DatabaseDeploymentIndexBest For
PineconeManaged cloudHNSW, metadata filtersProduction RAG, no ops overhead
WeaviateSelf-hosted / cloudHNSW, BM25 hybridMulti-modal, GraphQL interface
pgvectorPostgreSQL extensionivfflat, hnswTeams already on Postgres
ChromaEmbedded / localHNSWPrototyping, small-scale local RAG
Milvus/ZillizSelf-hosted / cloudIVF, HNSW, GPULarge-scale, high throughput

pgvector Example

-- Enable pgvector extension
CREATE EXTENSION IF NOT EXISTS vector;

-- Create table with vector column
CREATE TABLE documents (
    id SERIAL PRIMARY KEY,
    title TEXT NOT NULL,
    content TEXT,
    embedding vector(1536)
);

-- Create HNSW index for fast ANN search
CREATE INDEX ON documents USING hnsw (embedding vector_cosine_ops);

-- Insert a document with embedding
INSERT INTO documents (title, content, embedding)
VALUES ('Vector DB Guide', 'A guide to vector databases...', '[0.12, -0.03, ...]');

-- Semantic search: find 5 most similar documents
SELECT id, title, content,
    1 - (embedding <=> '[0.11, -0.02, ...]') as similarity
FROM documents
ORDER BY embedding <=> '[0.11, -0.02, ...]'
LIMIT 5;

Hybrid Search (Vector + Keyword)

# Weaviate: combine vector similarity with BM25 keyword search
import weaviate

client = weaviate.connect_to_local()

results = client.collections.get("Article").query.hybrid(
    query="vector database architecture",
    vector=[0.12, -0.03, ...],
    alpha=0.5,  # 0 = pure BM25, 1 = pure vector
    limit=10
)

RAG Pipeline Example

from openai import OpenAI
import chromadb

# 1. Load and chunk documents
chunks = load_and_chunk_documents("knowledge_base/")

# 2. Embed and store in Chroma
client = chromadb.Client()
collection = client.create_collection("docs")
embeddings = openai_client.embeddings.create(input=chunks, model="text-embedding-3-small")
collection.add(ids=ids, documents=chunks, embeddings=[e.embedding for e in embeddings.data])

# 3. Retrieve relevant chunks for a query
query_embedding = openai_client.embeddings.create(input="How do vector indexes work?", model="text-embedding-3-small")
results = collection.query(query_embeddings=[query_embedding.data[0].embedding], n_results=5)

# 4. Augment LLM prompt with retrieved context
context = "\n".join([r["document"] for r in results["documents"][0]])
prompt = f"Context:\n{context}\n\nQuestion: How do vector indexes work?"
response = openai_client.chat.completions.create(model="gpt-4o", messages=[{"role": "user", "content": prompt}])

ANN Algorithms

AlgorithmTypeSpeedMemoryBest For
HNSWGraph-basedFastHighGeneral purpose, high recall
IVFClusteringMediumMediumLarge datasets, memory-constrained
PQQuantizationFastLowBillions of vectors, acceptable recall loss

Common Mistakes

  • Wrong distance metric — cosine similarity for semantic text, Euclidean for image features, dot product for normalized embeddings
  • No metadata filtering — pure vector search returns irrelevant results; always combine with metadata filters
  • Ignoring index tuning — default HNSW parameters may not suit your recall/latency requirements
  • Storing raw vectors without indexing — full brute-force scan is O(n) and unusable at scale
  • Using a vector DB for structured queries — combine with a relational database; vector DBs are poor at aggregation and joins

FAQ

Do I need a dedicated vector database or can I use Postgres? For small-to-medium scale (< 1M vectors) and teams already on Postgres, pgvector is sufficient. For high-scale, multi-tenant, or managed needs, Pinecone or Weaviate are better.

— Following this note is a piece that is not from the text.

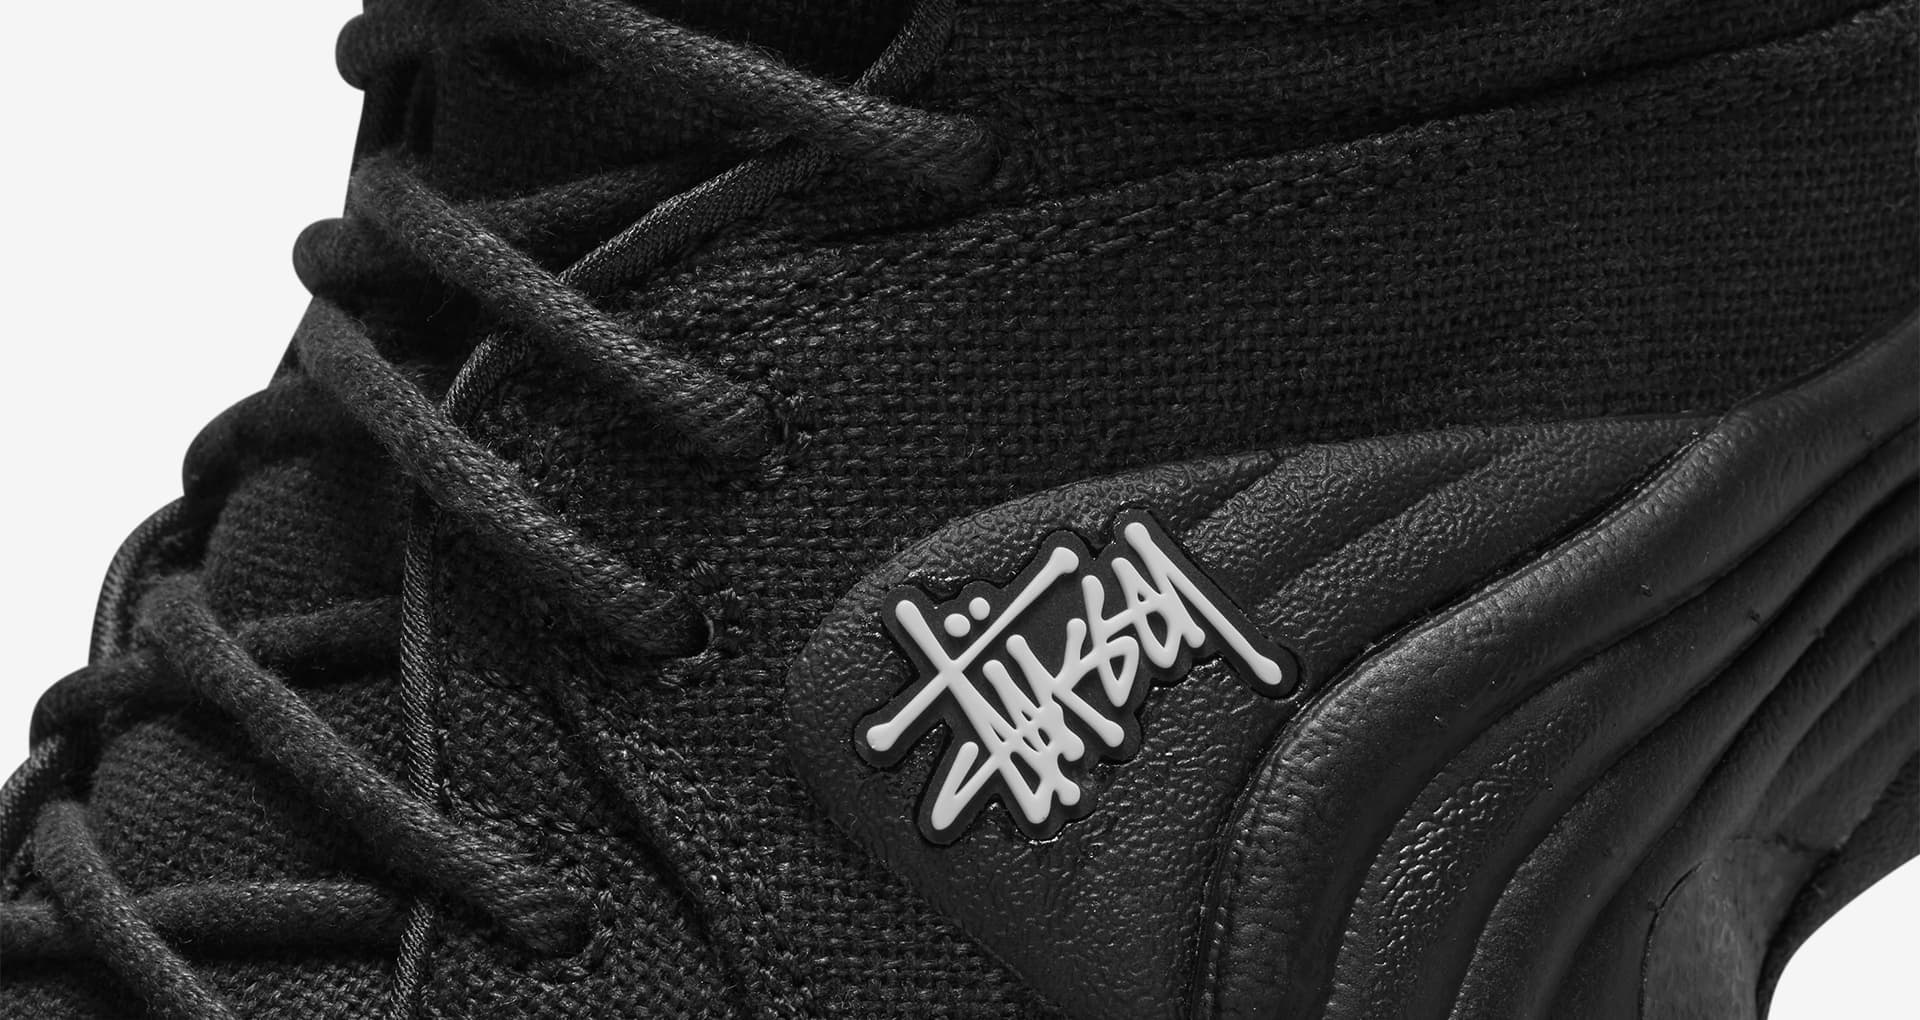 Stüssy x Nike Air Penny 2 "Black"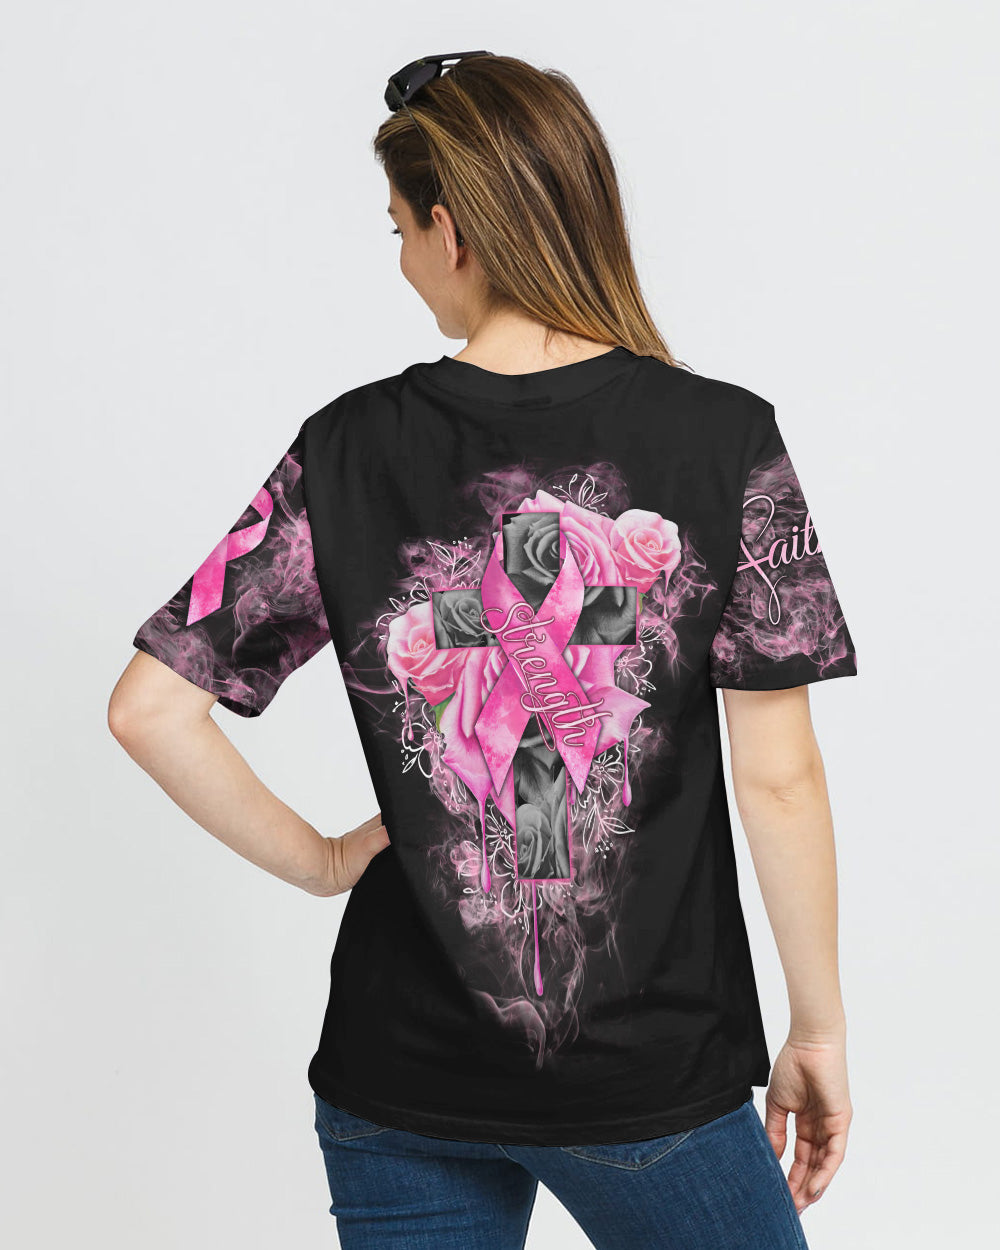 Strength Rose Cross Ribbon Women's Breast Cancer Awareness Tshirt

How do I choose embedding dimensions? Use the output dimension of your chosen model (OpenAI text-embedding-3-small = 1536, BERT-base = 768). Do not arbitrarily reduce dimensions without quantization-aware training.

Can I update vectors in place? Yes, but re-indexing may be required depending on the database and index type. Some systems support incremental updates; others require full rebuilds.